Continuous Delivery for Machine Learning (CD4ML)
When it comes to working with data, we rarely know beforehand the right way to derive insights and extract value. Often, it is impossible to know exactly what can be done with data until we start exploring it. This makes it difficult to set expectations and goals for a data project. On top of that, the challenges of real-world data add complexity and toil, and deploying data-driven products is still challenging.
In this full-day workshop, we explore a representative data problem, with all the messiness that one can expect from real-world, non-curated data. By introducing the concepts of Hypothesis-Driven Development and Continuous Delivery for Machine Learning (CD4ML), we’ll teach participants how to develop data science and analysis workflows that enable rapid development and deployment of data science projects with the goal of incremental and continuous improvement. Participants in this workshop can expect to spend much of the day with their hands on the keyboard. We’ve created an example data science application that’s ready for participants to jump in to. It uses real data, an industry-standard toolset, and addresses a typical machine learning task.
We’ll start the morning explaining Hypothesis-Driven Development, including what it is and when to (and when not to) use it, and get our hands dirty with data exploration, feature engineering, and data visualization. Methods and techniques will be suitable for entry-level data science.

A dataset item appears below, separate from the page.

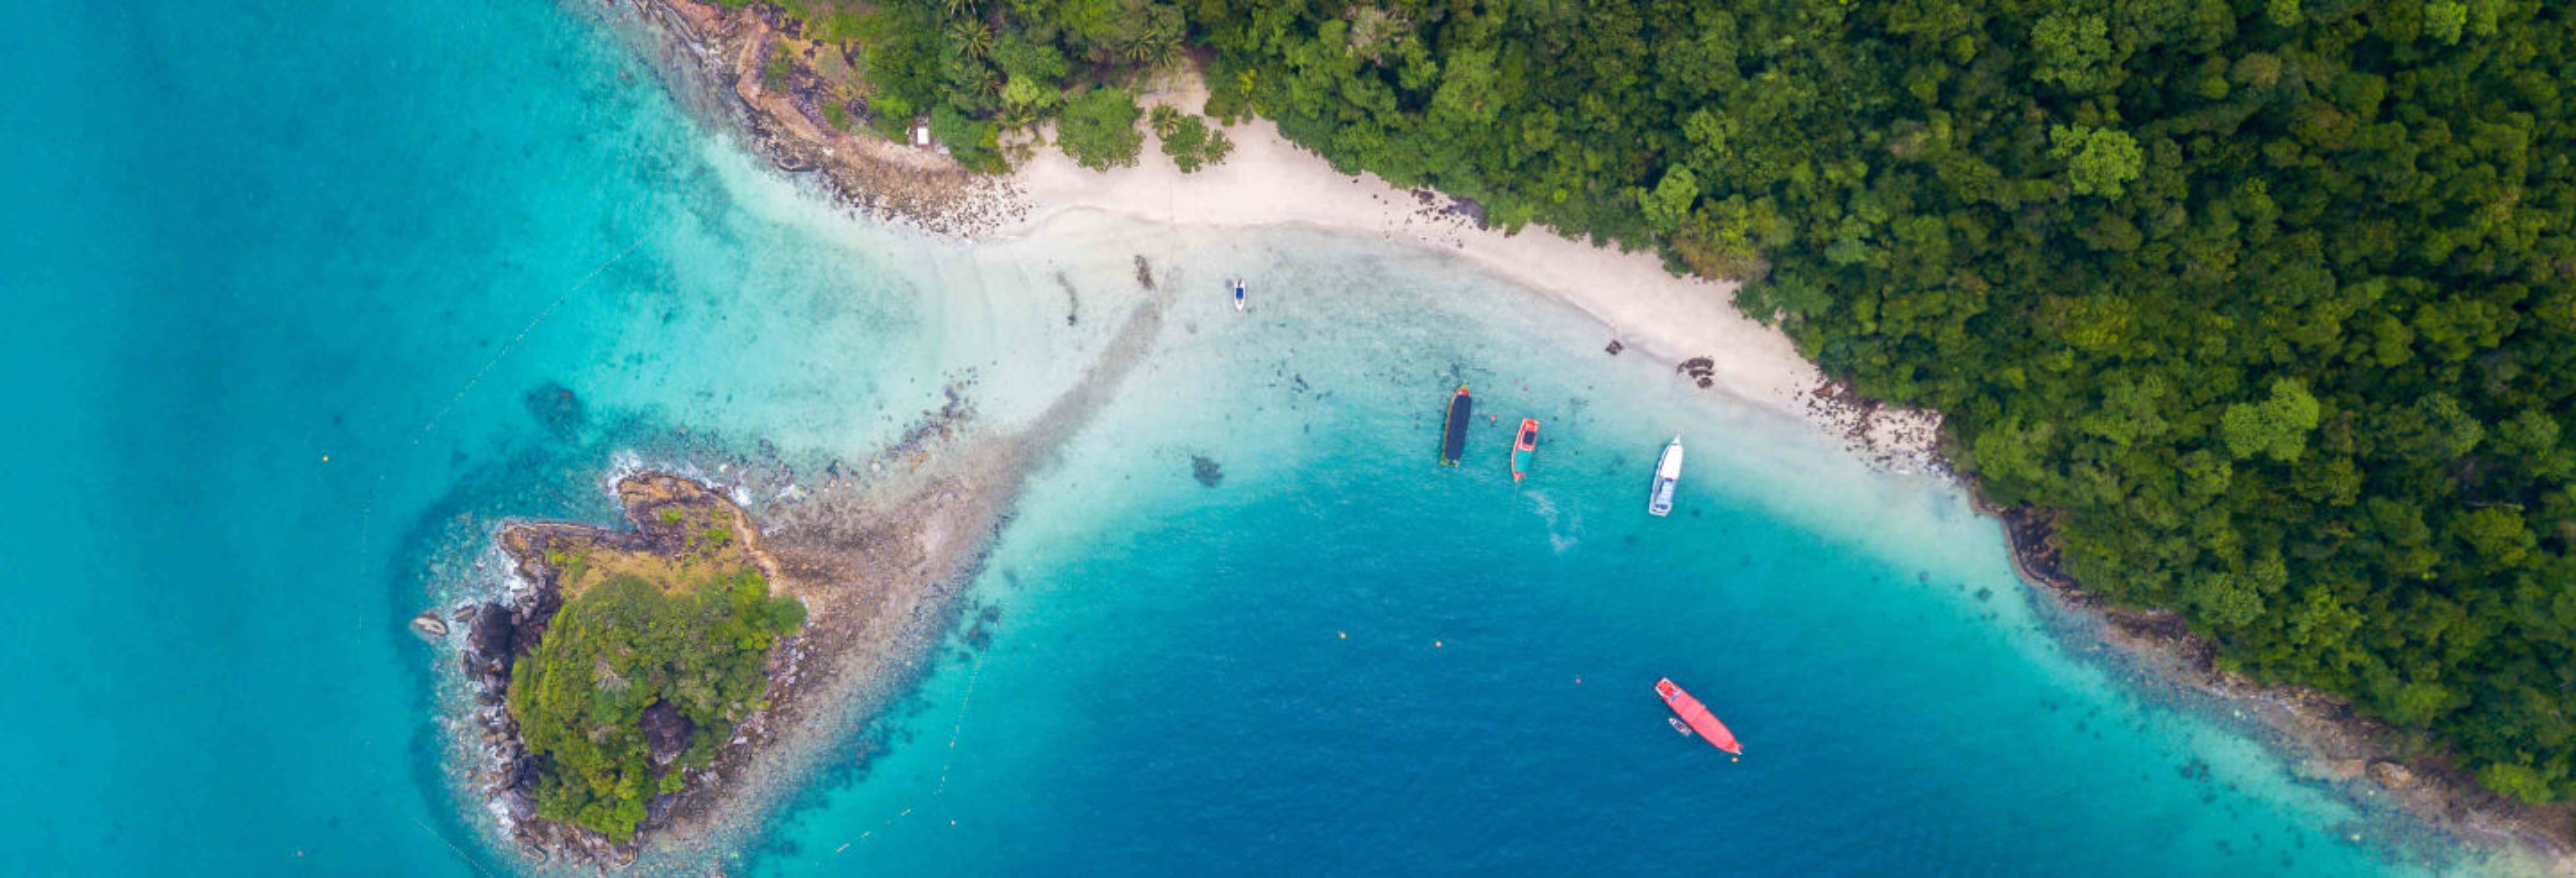 Snorkel en Koh Rang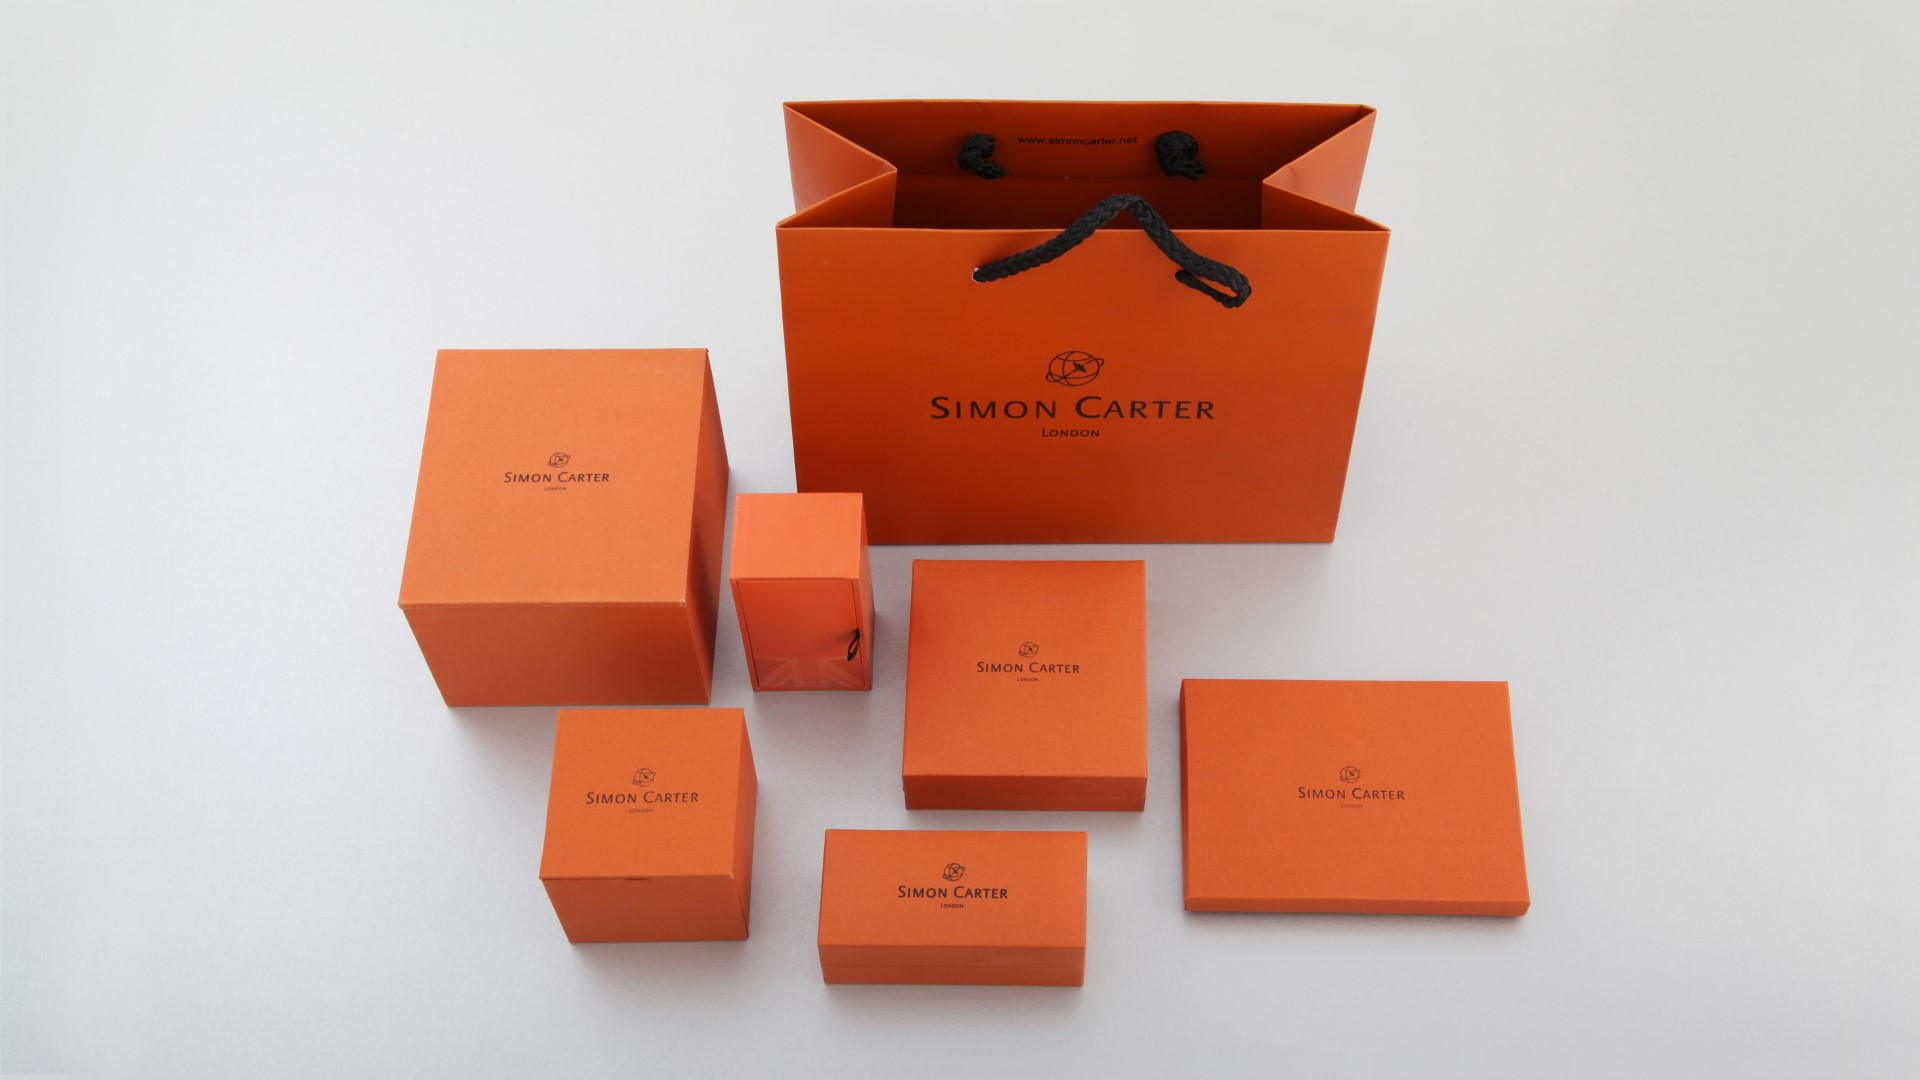 Simon Carter Bag and Men's Jewellery Boxes

After the lunch break, we’ll introduce the concepts of Continuous Delivery, especially as it applies to scientific computing, and work towards developing our machine learning model in a live productive system. These concepts will be accessible to those who may have limited or no experience in Continuous Delivery environments, and we’ll explore approaches to and benefits of concepts like unit testing, continuous integration, trunk-based development, and more.